### TASK PROMPT
A faithful copy of the listing below is needed, with its pictures left out.

### DATA BELOW

————

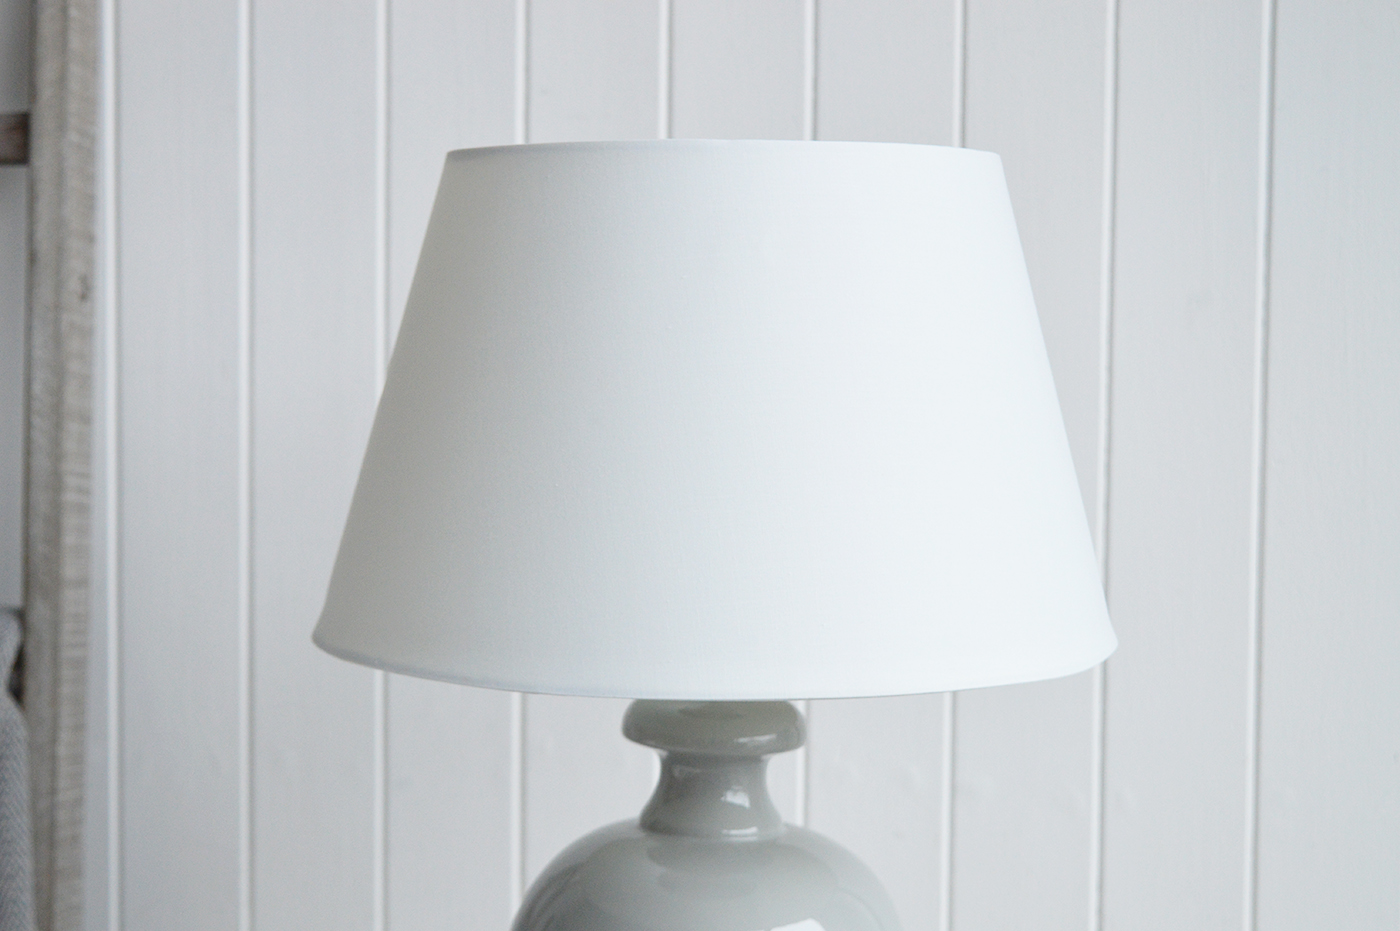 Pembroke Ceramic Large Grey Blue Lamp from The White Lighthouse Furniture. A feature lamp on any table in mocern farmhouse, coastal or country styled home interior
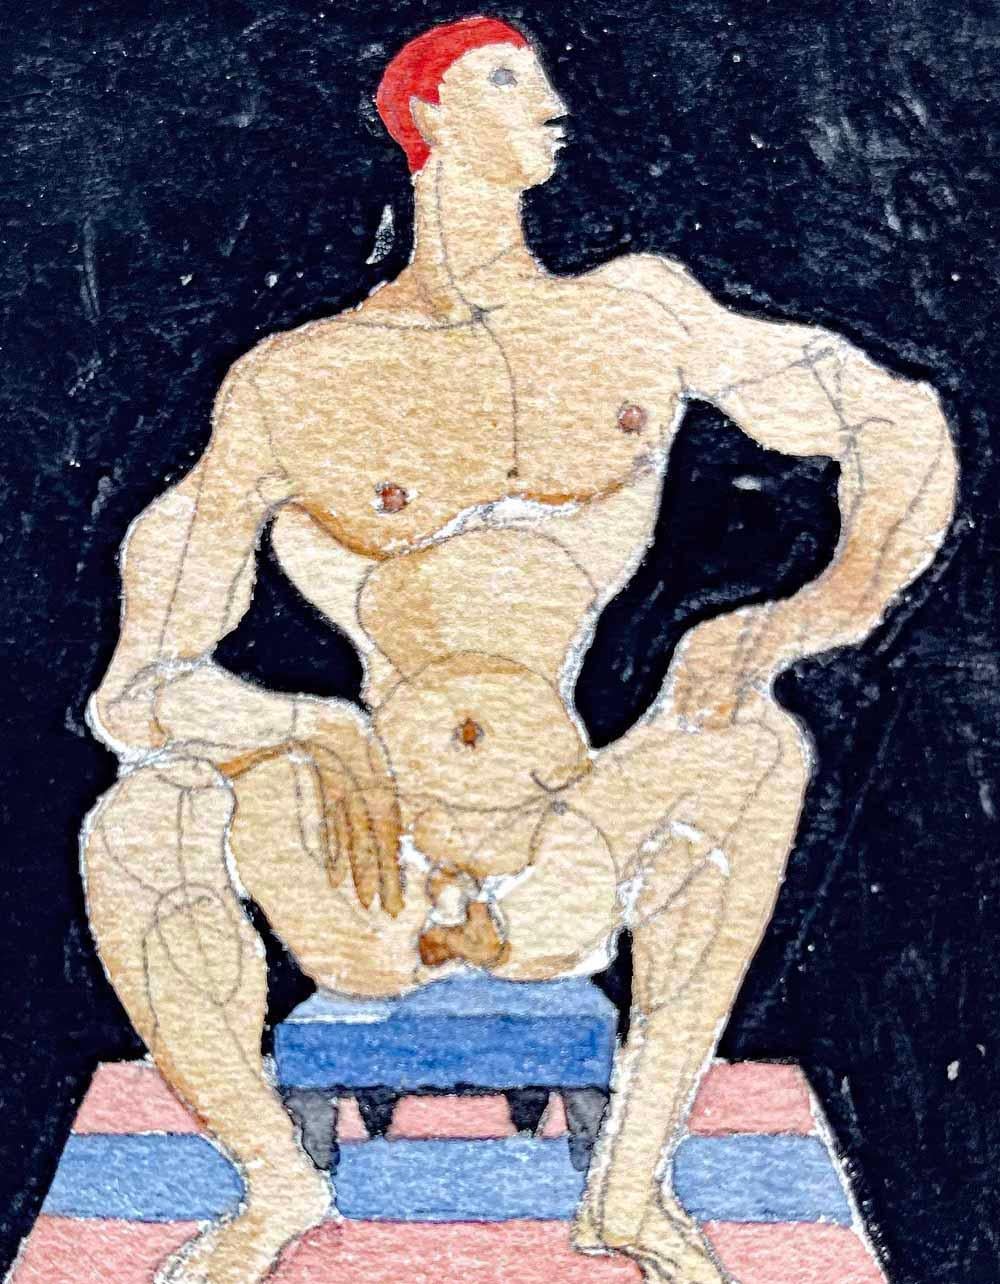 Broad-shouldered and red-haired, the male nude figure depicted here is full of confidence and attitude.  The figure sits on a stool, his feet planted on a striped rug in pink and lavender, the entire scene enveloped in black.  The painter, Raoul
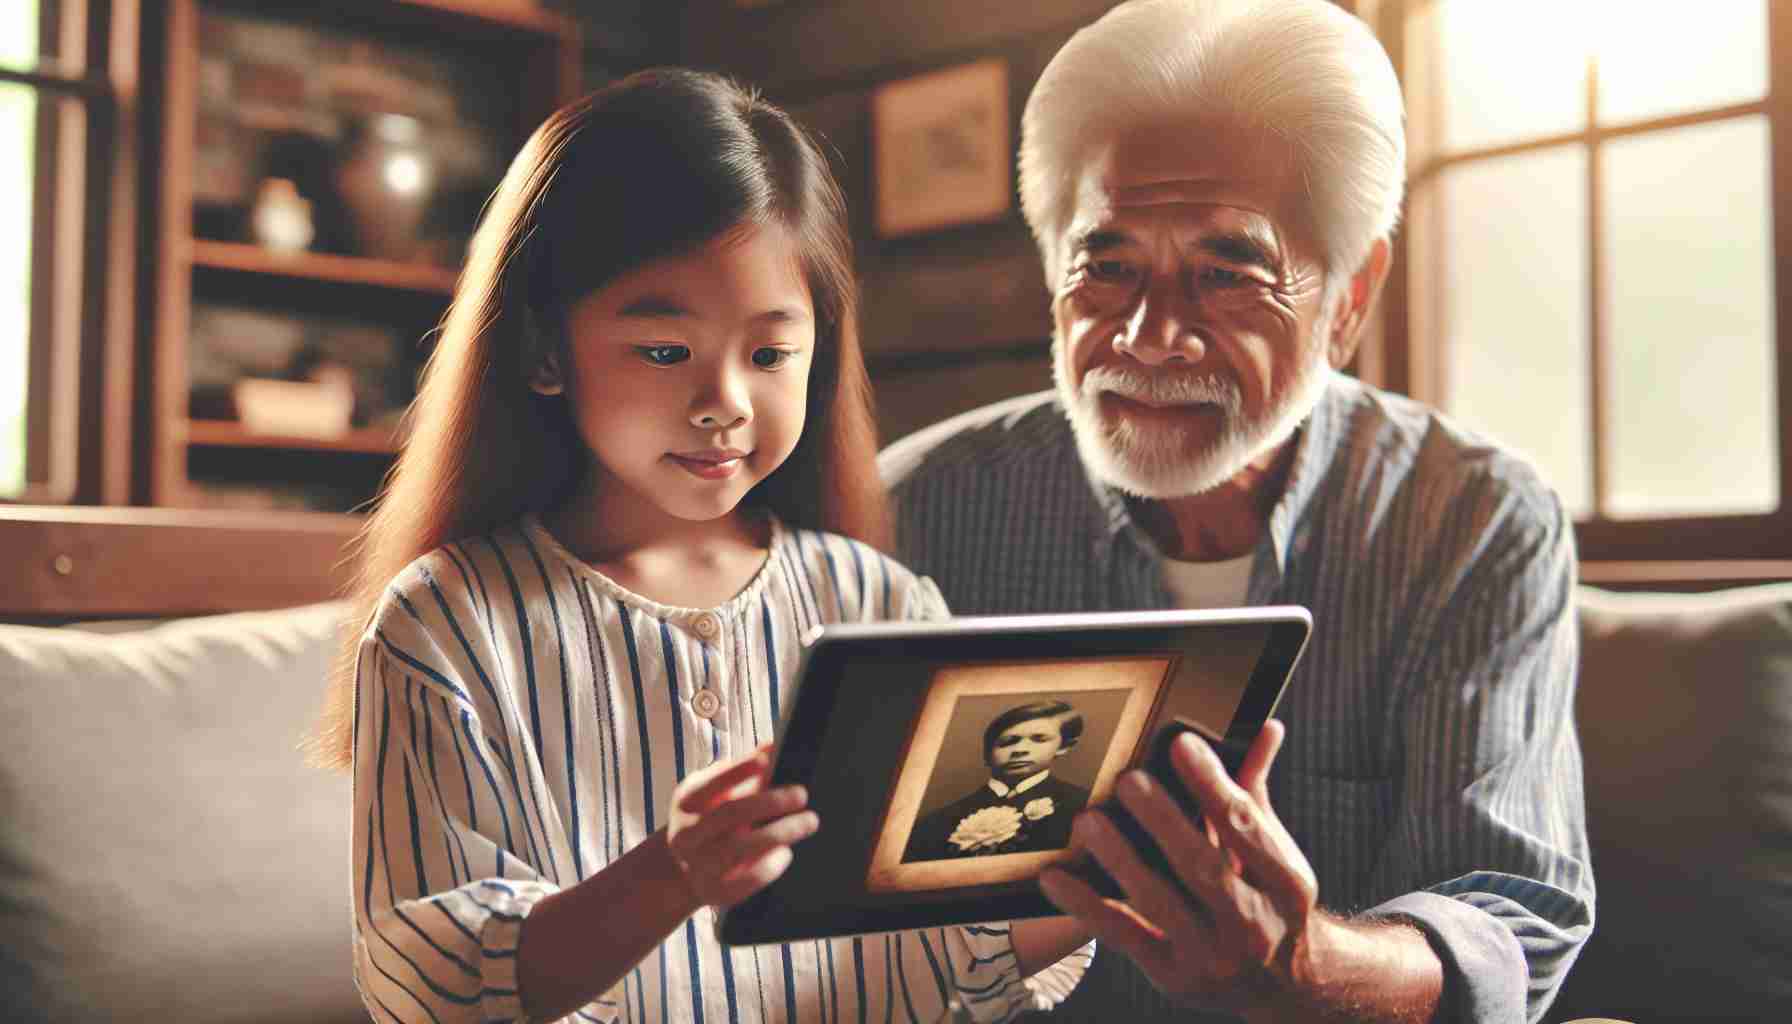 Embracing Memories Digitally: Can We Keep Our Loved Ones Close?

————

### TASK SOLUTION
 Pembroke Ceramic Large Grey Blue Lamp from The White Lighthouse Furniture. A feature lamp on any table in mocern farmhouse, coastal or country styled home interior
 Broad-shouldered and red-haired, the male nude figure depicted here is full of confidence and attitude.  The figure sits on a stool, his feet planted on a striped rug in pink and lavender, the entire scene enveloped in black.  The painter, Raoul
 Embracing Memories Digitally: Can We Keep Our Loved Ones Close?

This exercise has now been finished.